Dec. 23, 2025Updated 5:05 p.m. ET
When Stephen Miller, one of President Trump’s top advisers, makes the case for the Trump administration’s crackdown on immigration, he is focused not only on the actions of those who came to the United States from another country.
Increasingly, he blames their children as well.
Mr. Miller’s belief that seven decades of immigration has produced millions of people who take more than they give — an assertion that has been refuted by years of economic data — is at the heart of the Trump administration’s campaign to restrict immigration and deport immigrants already in the country.
But he is now stressing an argument that immigrants bring problems to the United States that extend through generations.
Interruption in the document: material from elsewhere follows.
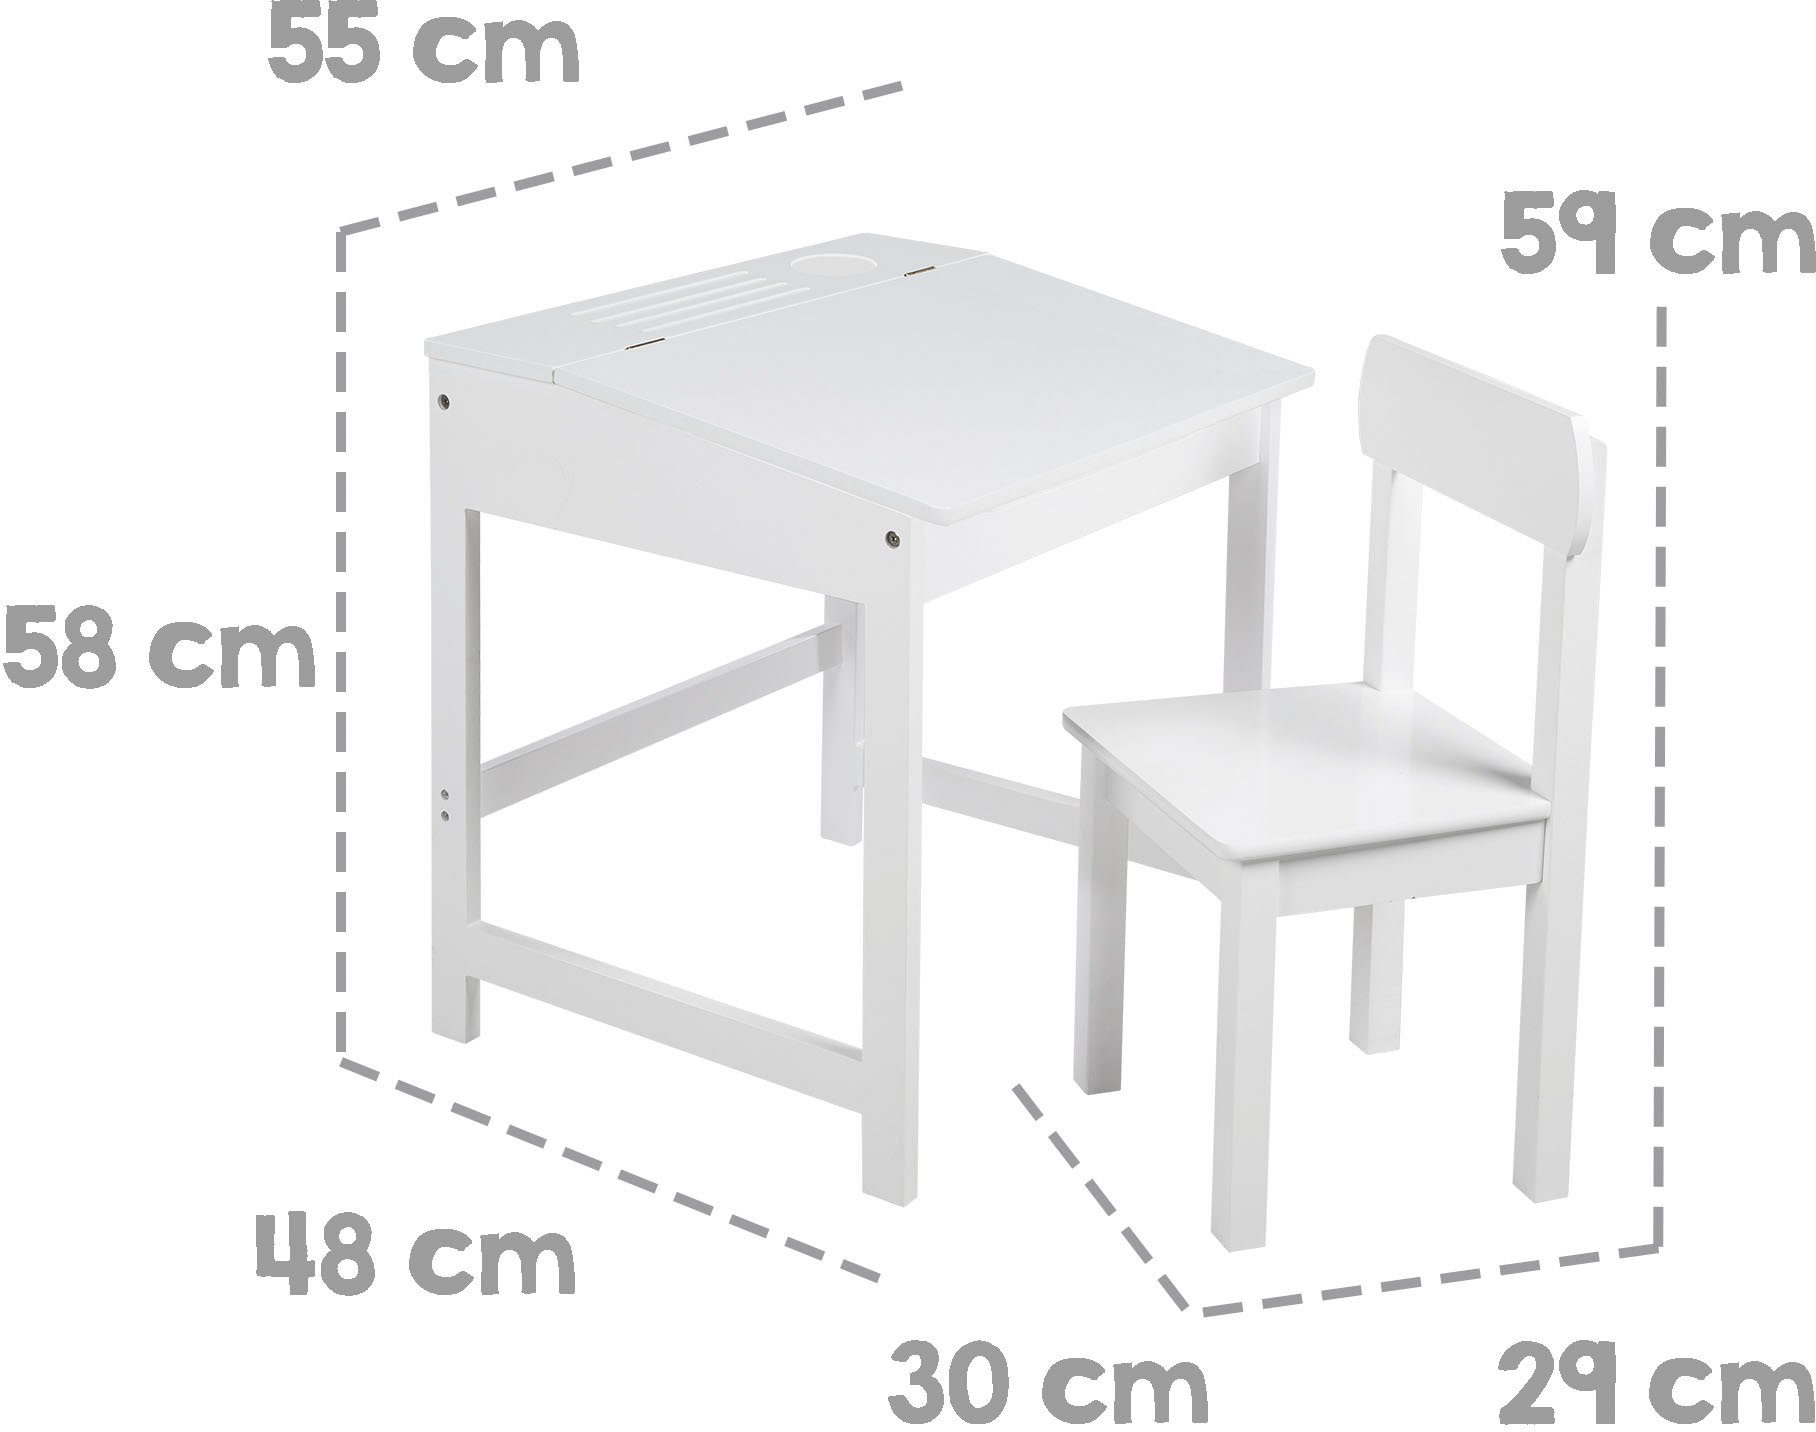 Stuhl roba® weiß, Kinderschreibtisch Schulpult, inkluisve
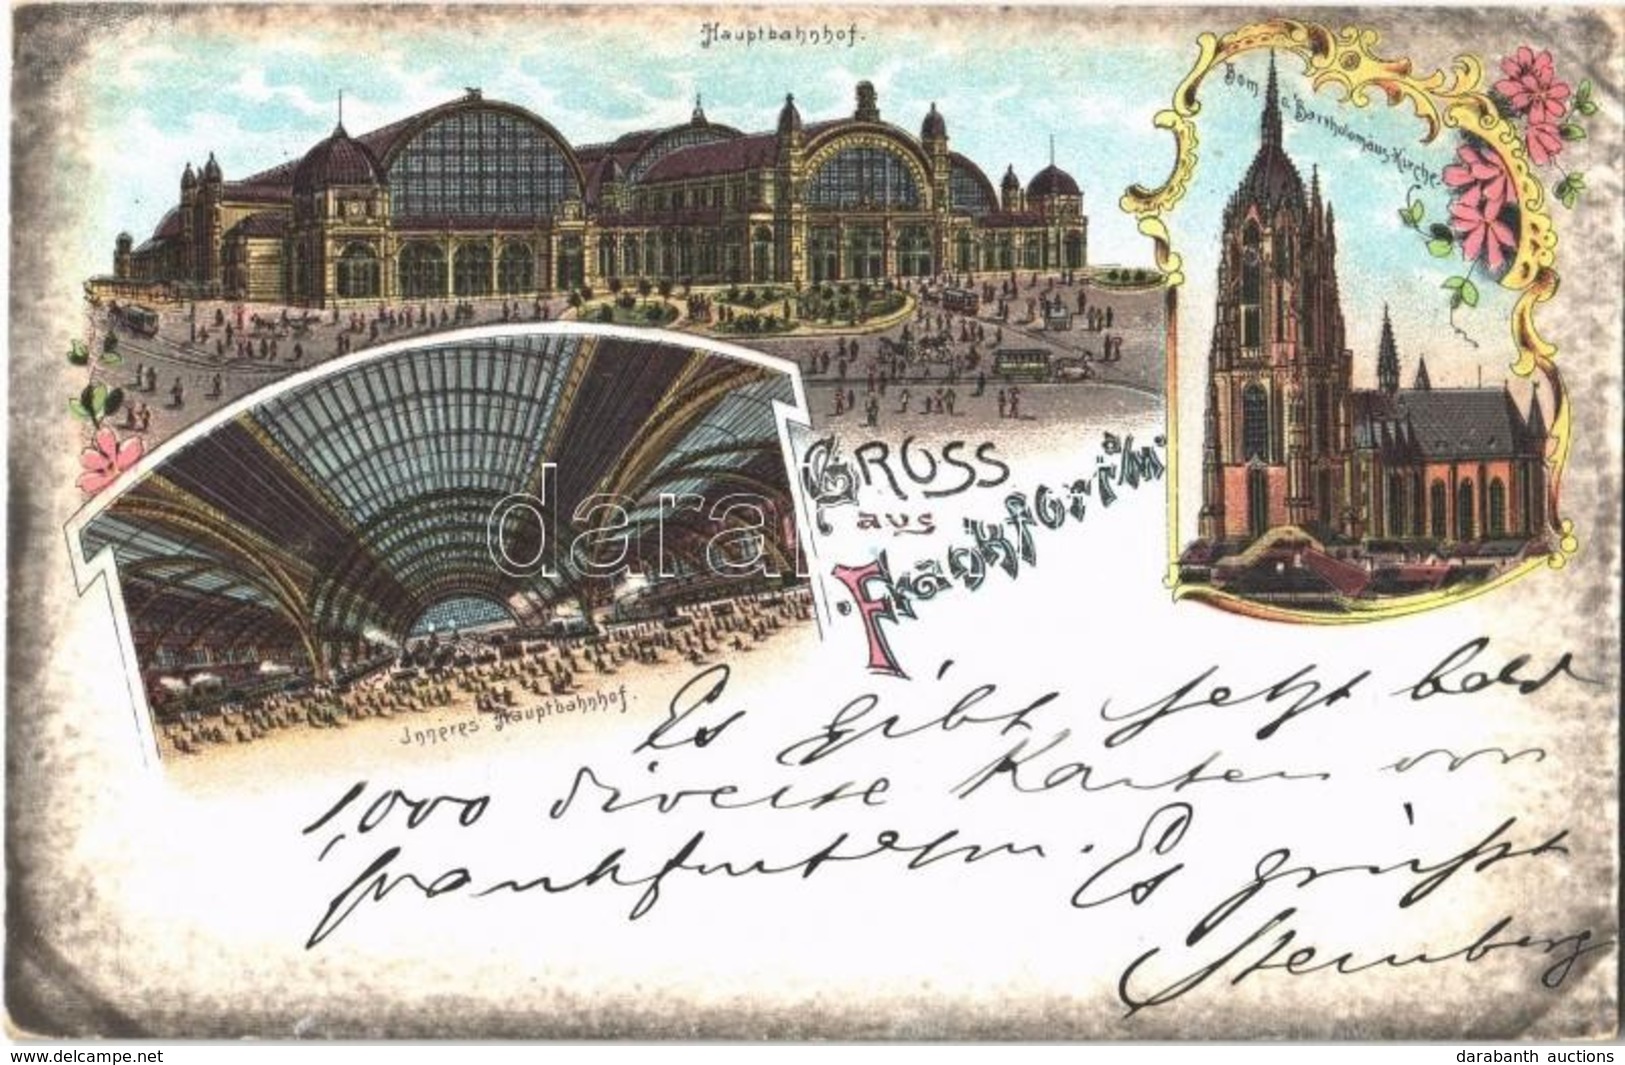 T2 1898 Frankfurt, Hauptbahnhof, Inneres, Dom Und Bartholomaus Kirche / Railway Station Interior, Dome And Church. Art N - Unclassified

“With a lot of these immigrant groups, not only is the first generation unsuccessful. Again, Somalia is a clear example here,” Mr. Miller said on Fox News this month, adding, “You see persistent issues in every subsequent generation. So you see consistent high rates of welfare use, consistent high rates of criminal activity, consistent failures to assimilate.”
The attack line comes as the administration is calling for the Supreme Court to uphold Mr. Trump’s executive order ending birthright citizenship, the long-held principle that children born on American soil are automatically citizens.
The argument by Mr. Miller and others in the administration hearkens back to the anti-migrant rhetoric of the early 20th century, when lawmakers used the 1924 National Origins Act to impose strict quotas to keep out immigrants from Asia and southern and Eastern Europe, and their families.